The application of martingale theory to the study of statistical properties of dy- namical systems was pioneered by M. Gordin in 1969. By studying the action of the transfer operator (the dual to the action of composing an observable with the transformation) the Gordin approach expresses an observable on the system as the sum of a reverse martingale difference and a coboundary.

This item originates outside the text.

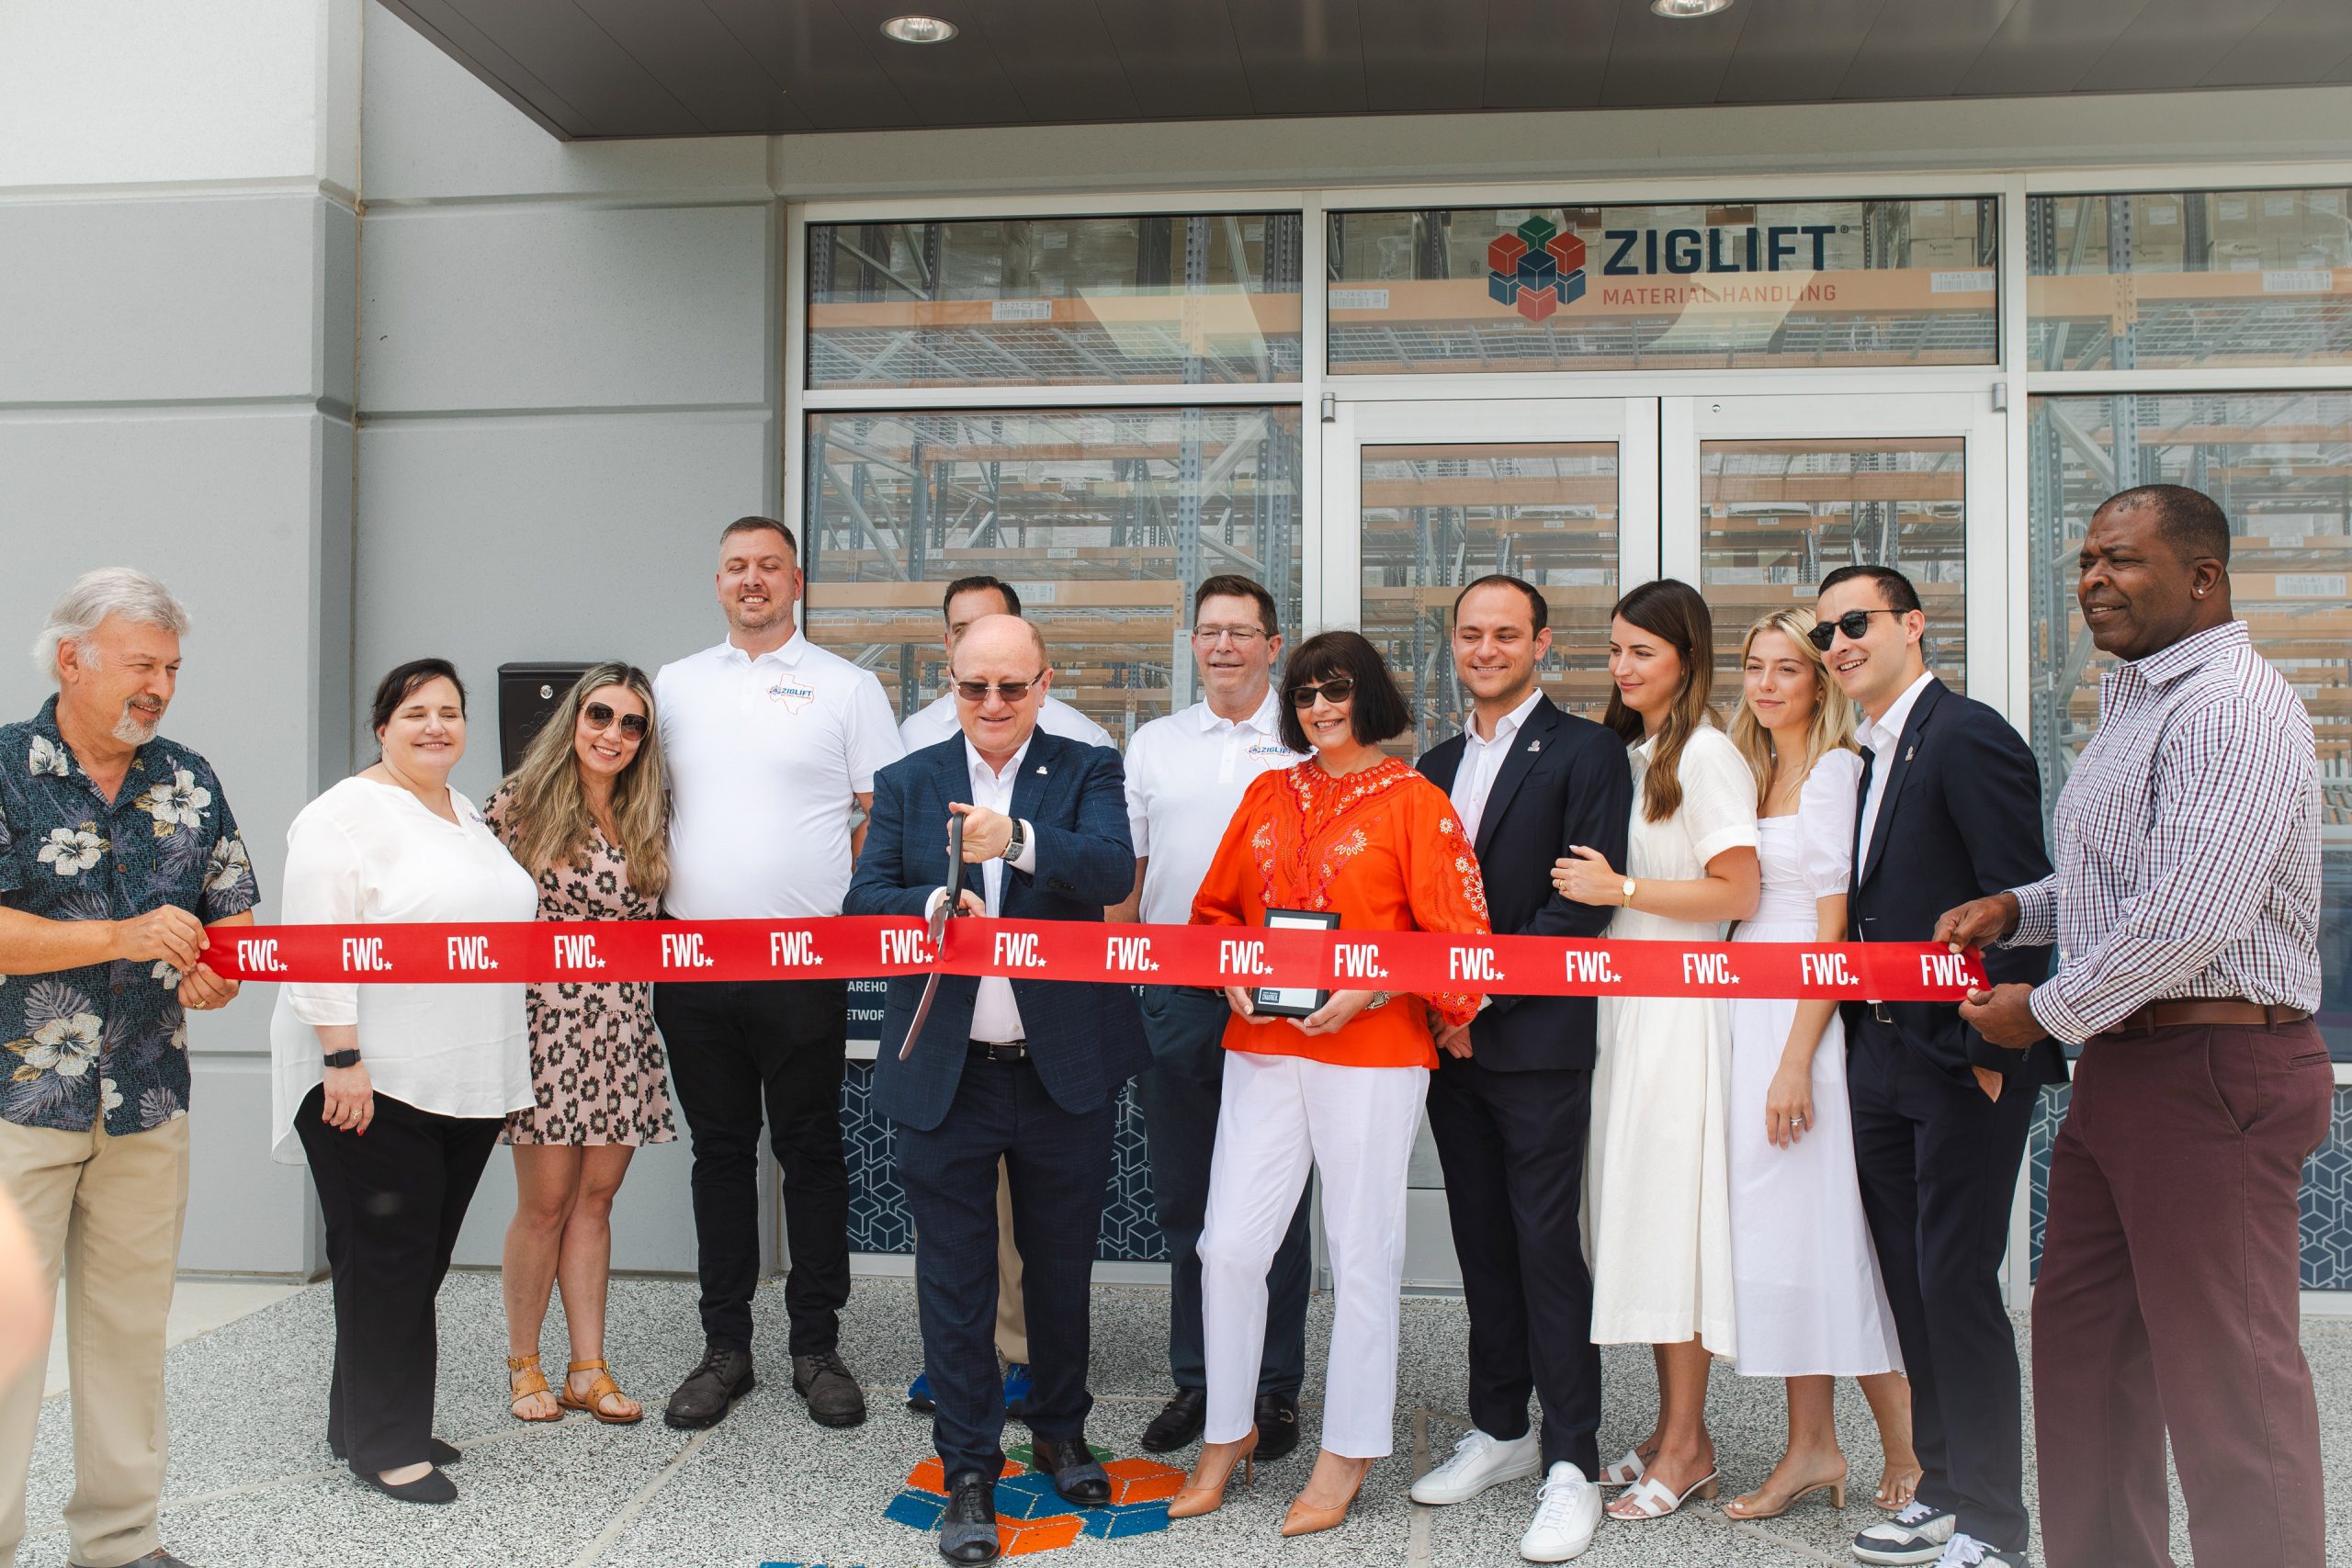 Ziglift Material Handling Celebrates Grand Opening of Fort Worth, TX Office

Recent work has investigated the action of the transfer operator directly on certain anisotropic Banach spaces. This approach avoid introducing symbolic coding, and allows perturbation of the system. However, the martingale technique of Gordin has not yet been adapted to this context although in certain situations it enables one to prove stronger results. Examples include convergence of stochastic integrals and rates of convergence in the weak invariance principle, where the primary existing probabilistic tools are via martingale theory. The collaboration will be to develop ways of modifying Gordin’s approach to the setting of anisotropic Banach spaces.
Mark Demers (Fairfield University)
Ian Melbourne (University of Warwick)
Matthew Nicol (University of Houston)